# Working data:
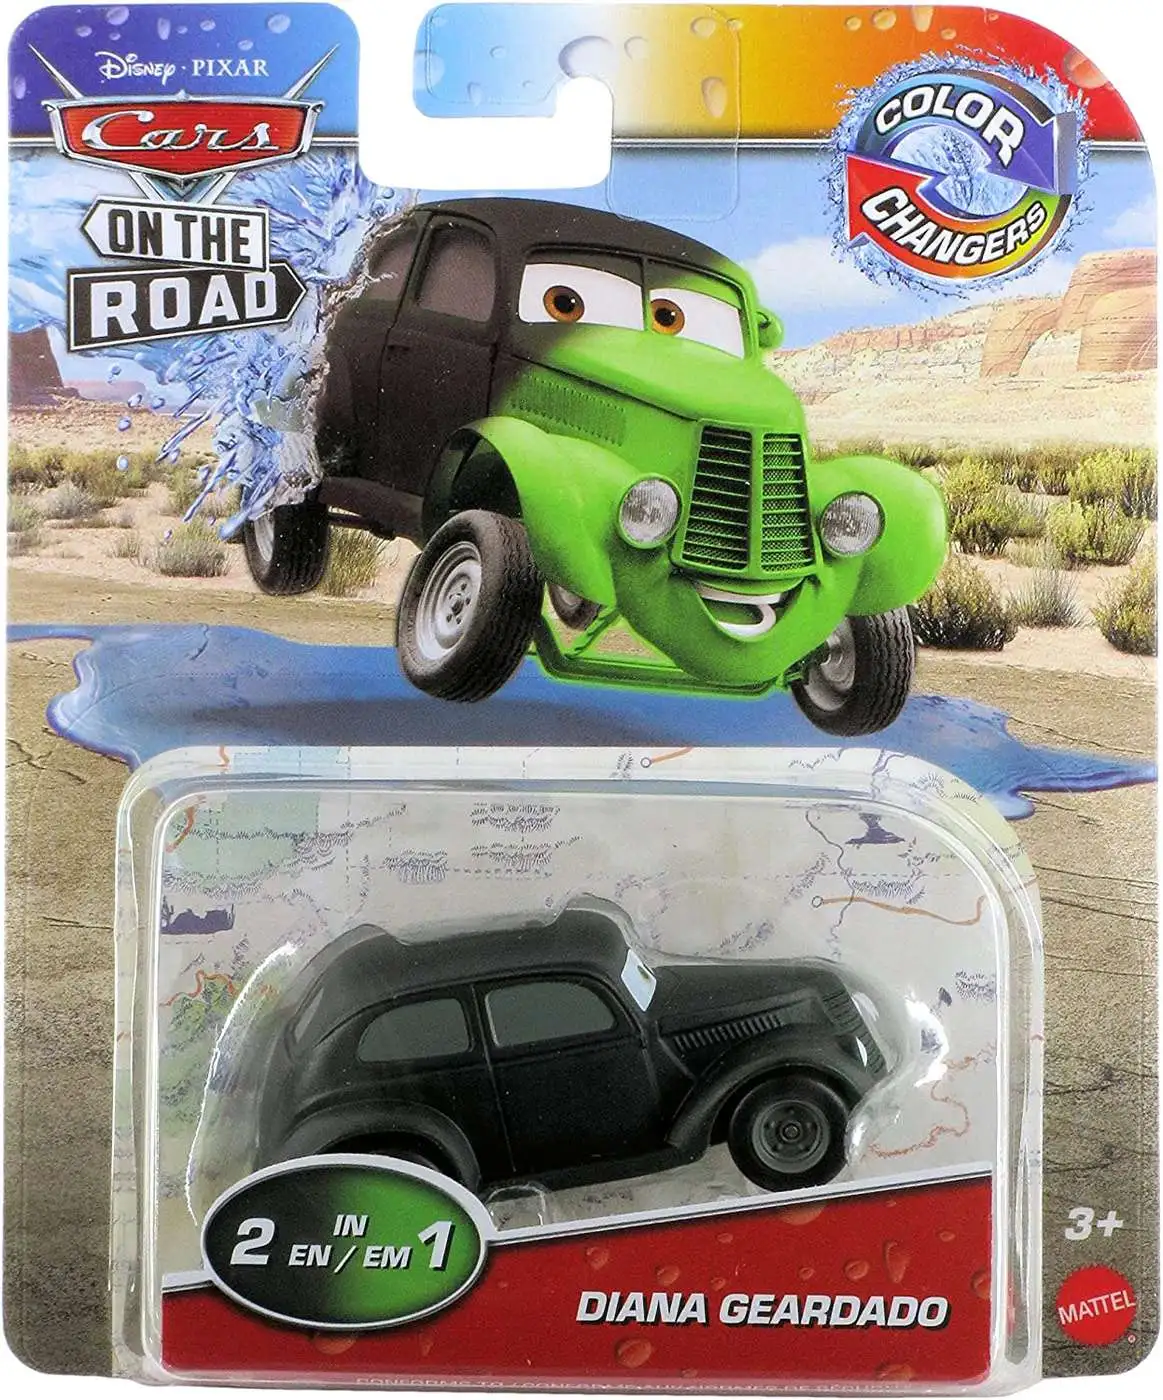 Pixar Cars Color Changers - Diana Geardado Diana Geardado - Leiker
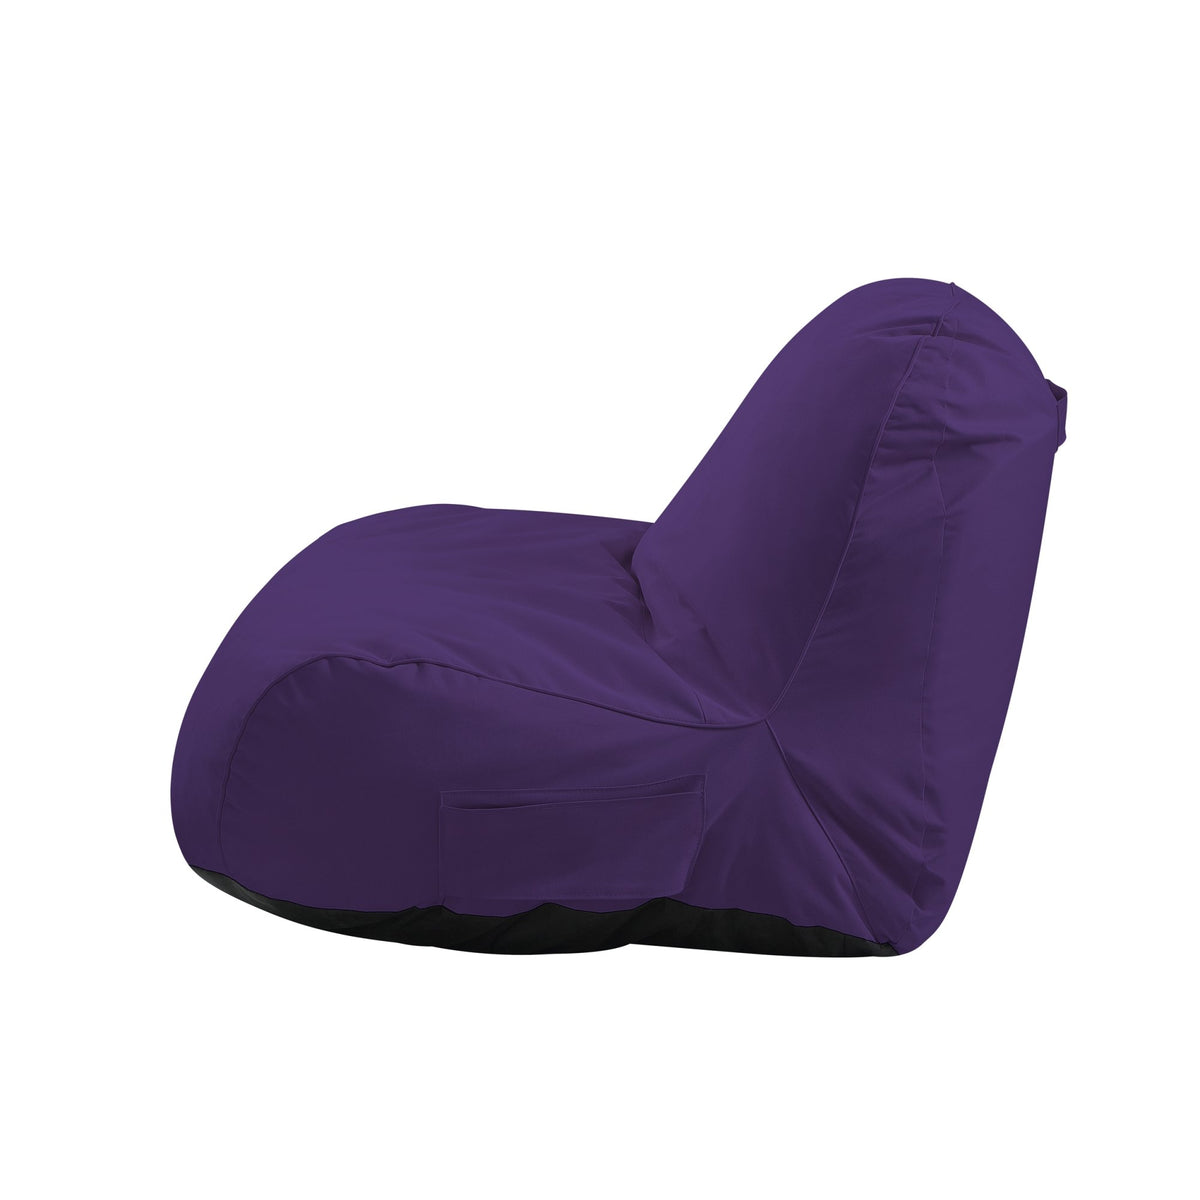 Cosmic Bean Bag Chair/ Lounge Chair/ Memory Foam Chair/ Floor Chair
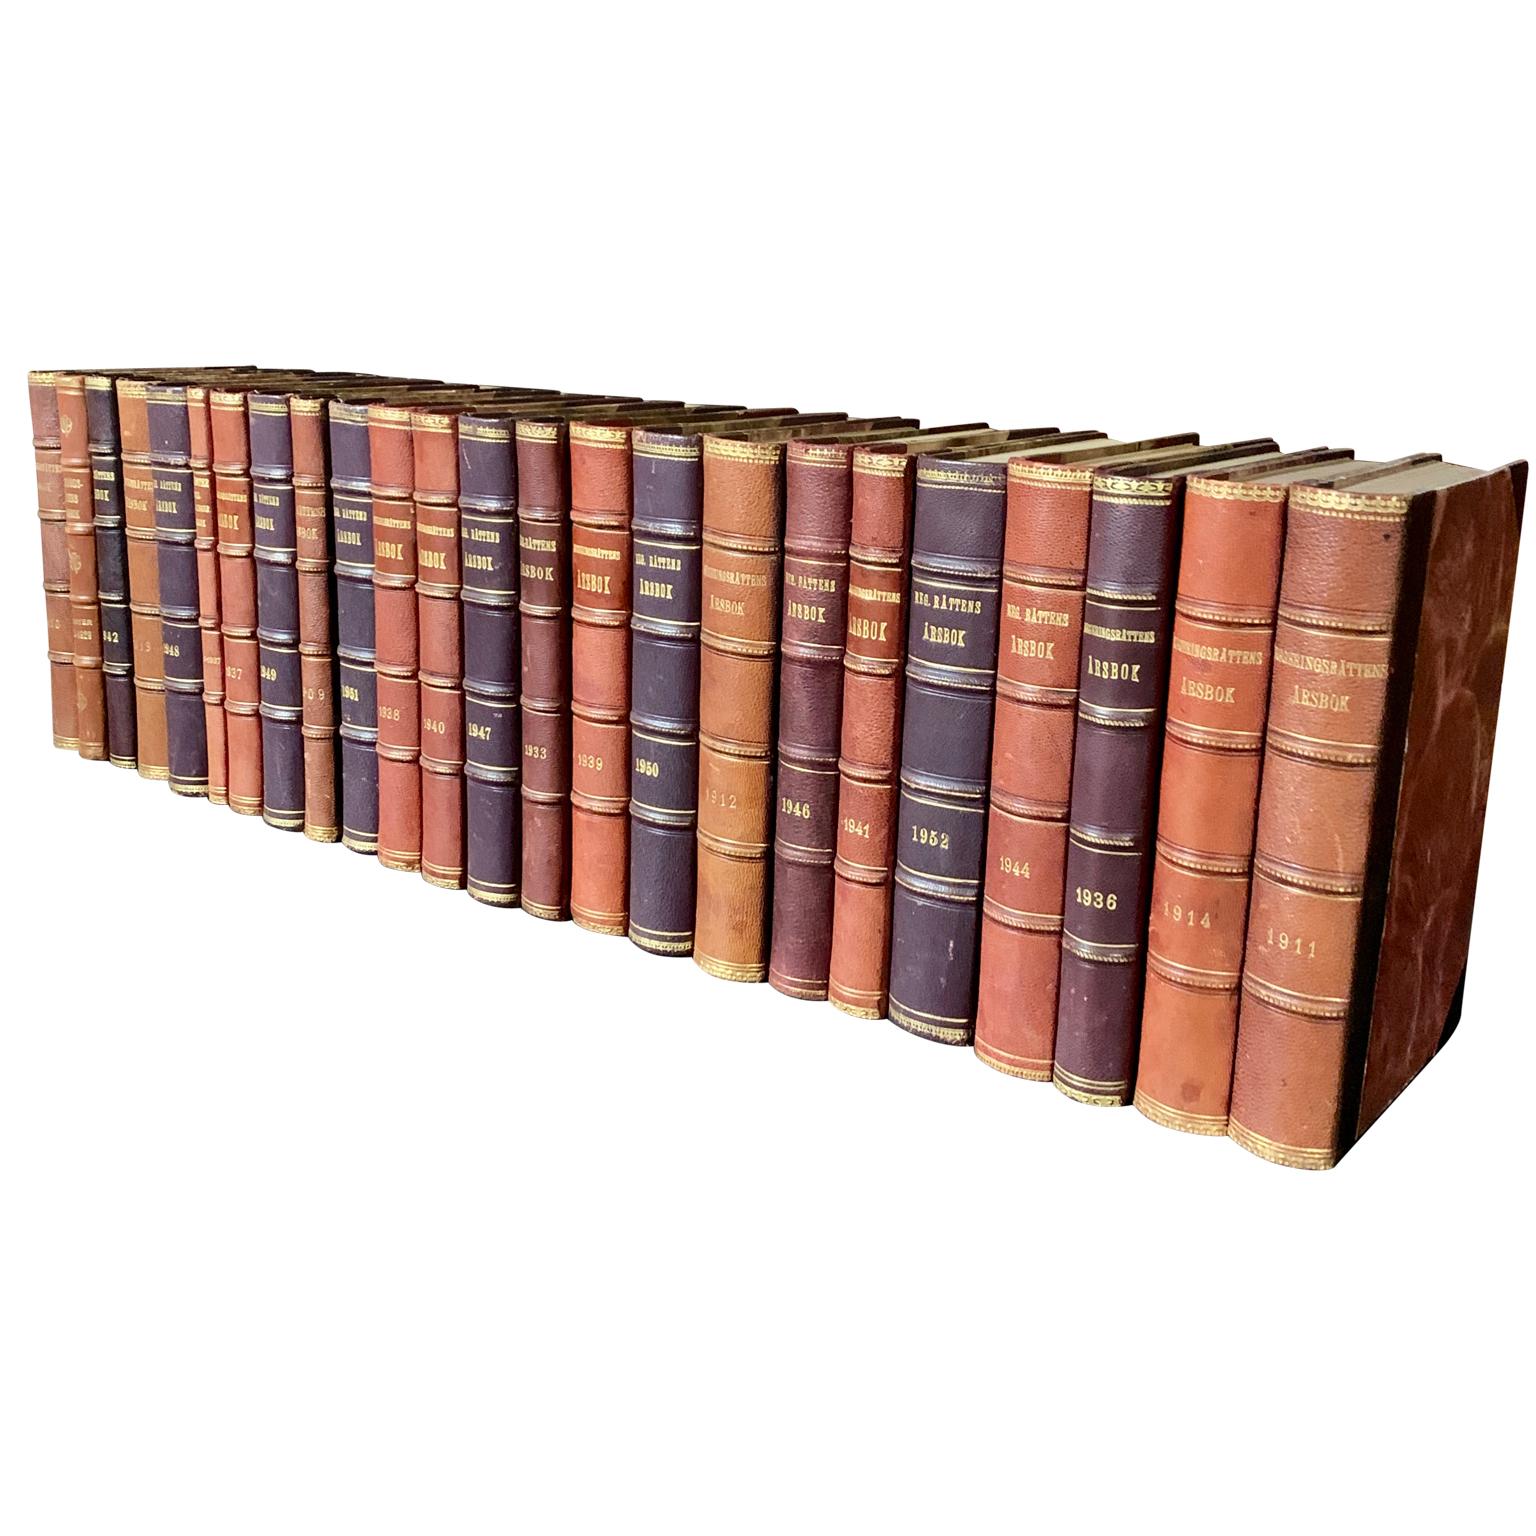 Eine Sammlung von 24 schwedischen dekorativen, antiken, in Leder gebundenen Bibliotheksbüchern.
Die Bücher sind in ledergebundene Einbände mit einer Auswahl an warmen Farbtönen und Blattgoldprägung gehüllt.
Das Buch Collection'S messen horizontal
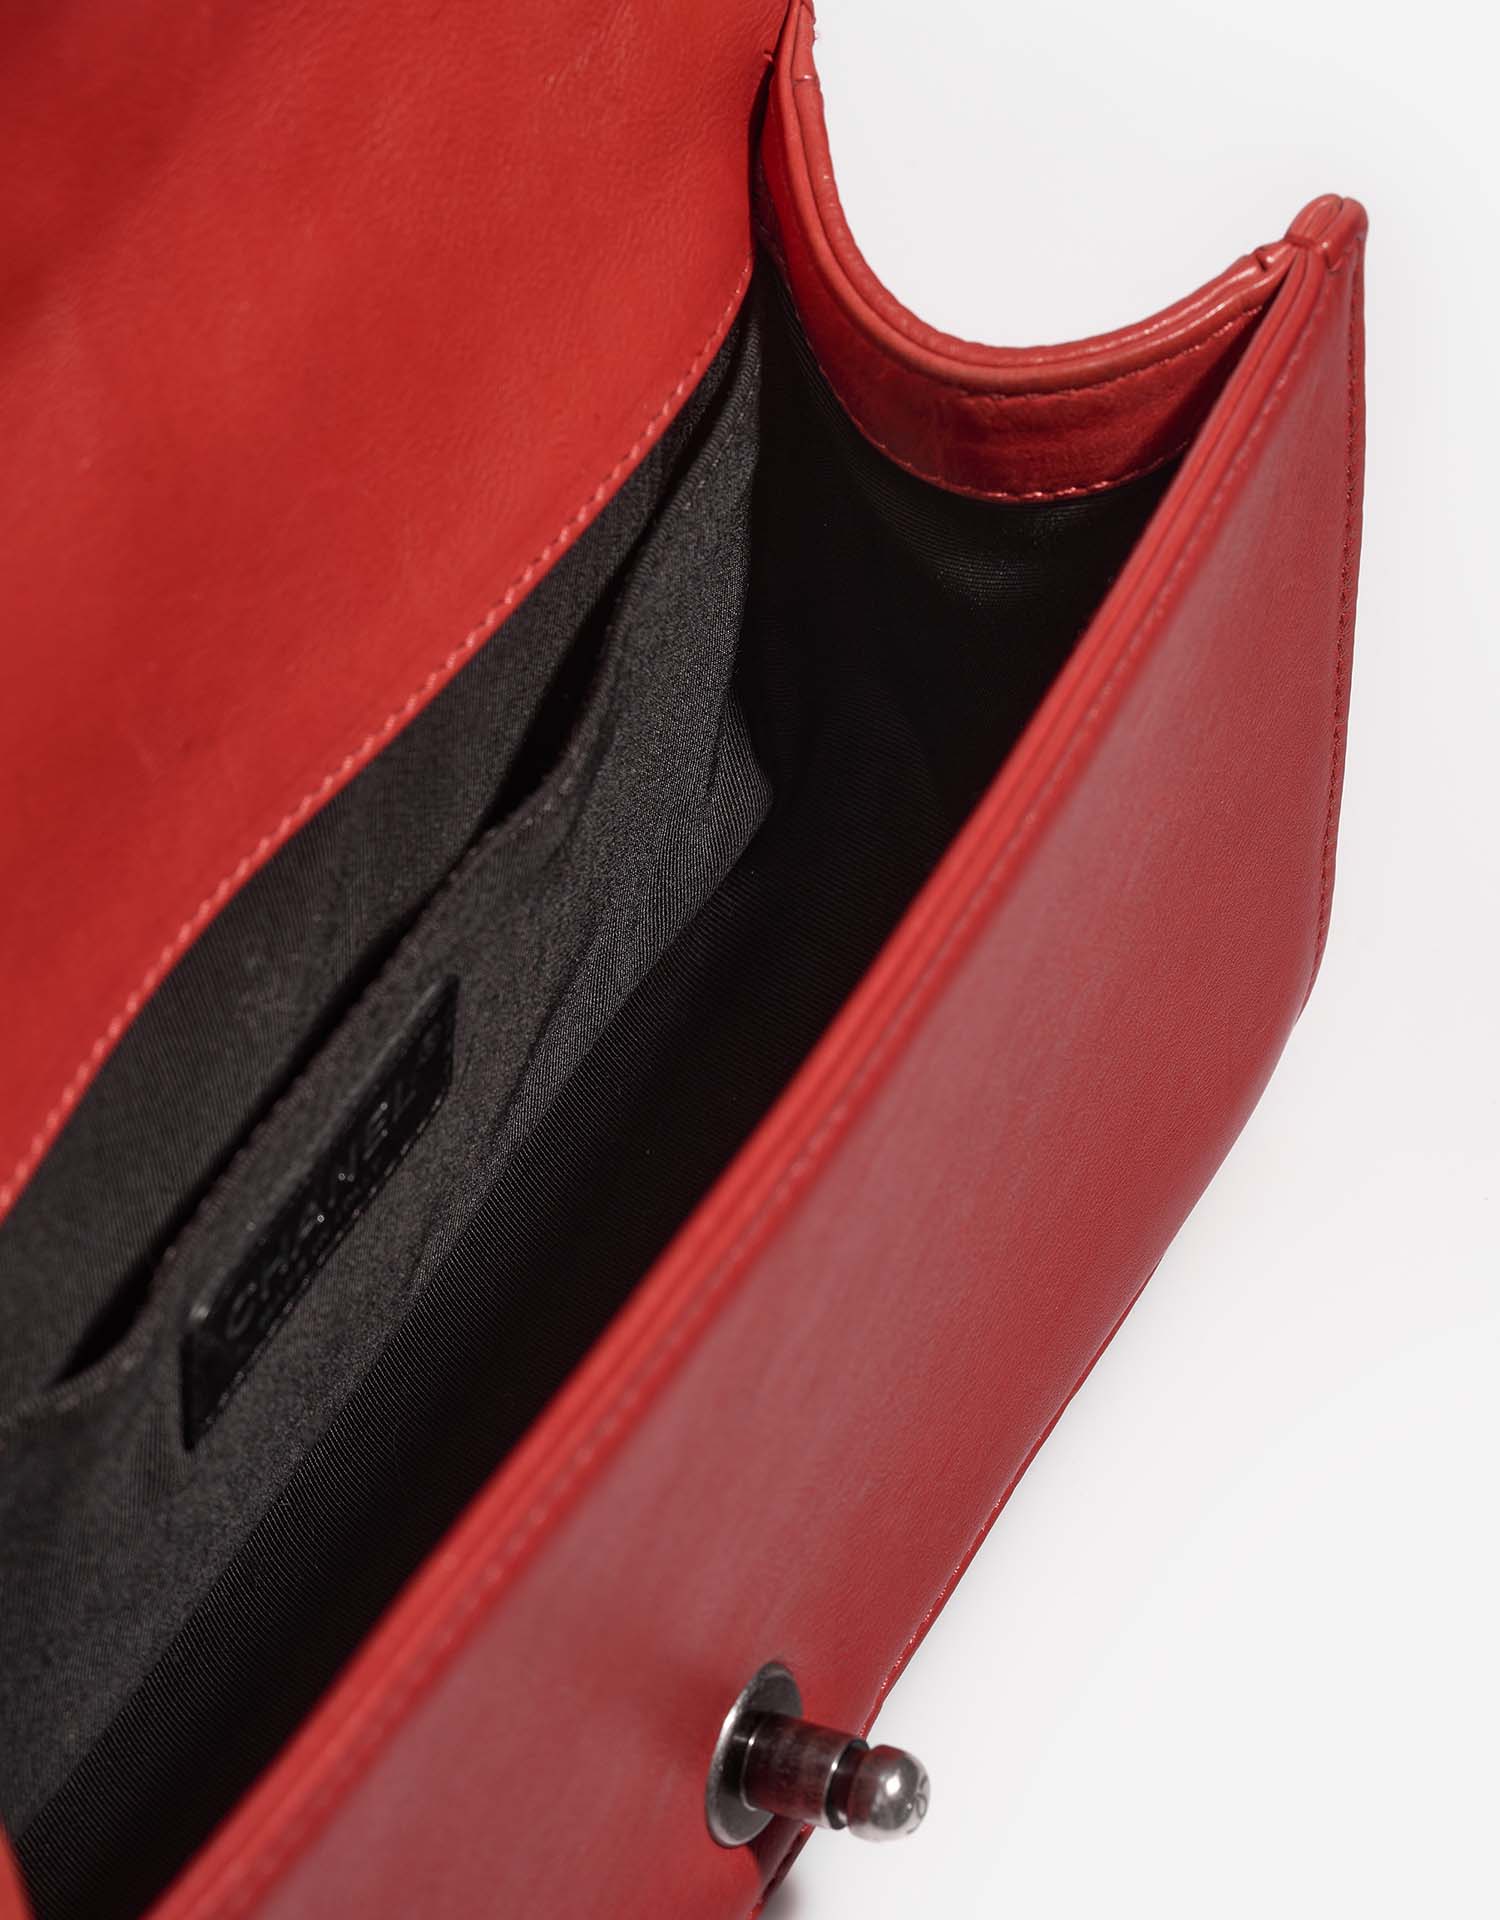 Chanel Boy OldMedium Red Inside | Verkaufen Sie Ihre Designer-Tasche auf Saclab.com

# Task to carry out:
All that is wanted is the lines from the one holding "Eine Sammlung von" through the end of the material, duplicated exactly, with no pictures.

# Result for this exercise:
 Eine Sammlung von 24 schwedischen dekorativen, antiken, in Leder gebundenen Bibliotheksbüchern.
Die Bücher sind in ledergebundene Einbände mit einer Auswahl an warmen Farbtönen und Blattgoldprägung gehüllt.
Das Buch Collection'S messen horizontal
 Chanel Boy OldMedium Red Inside | Verkaufen Sie Ihre Designer-Tasche auf Saclab.com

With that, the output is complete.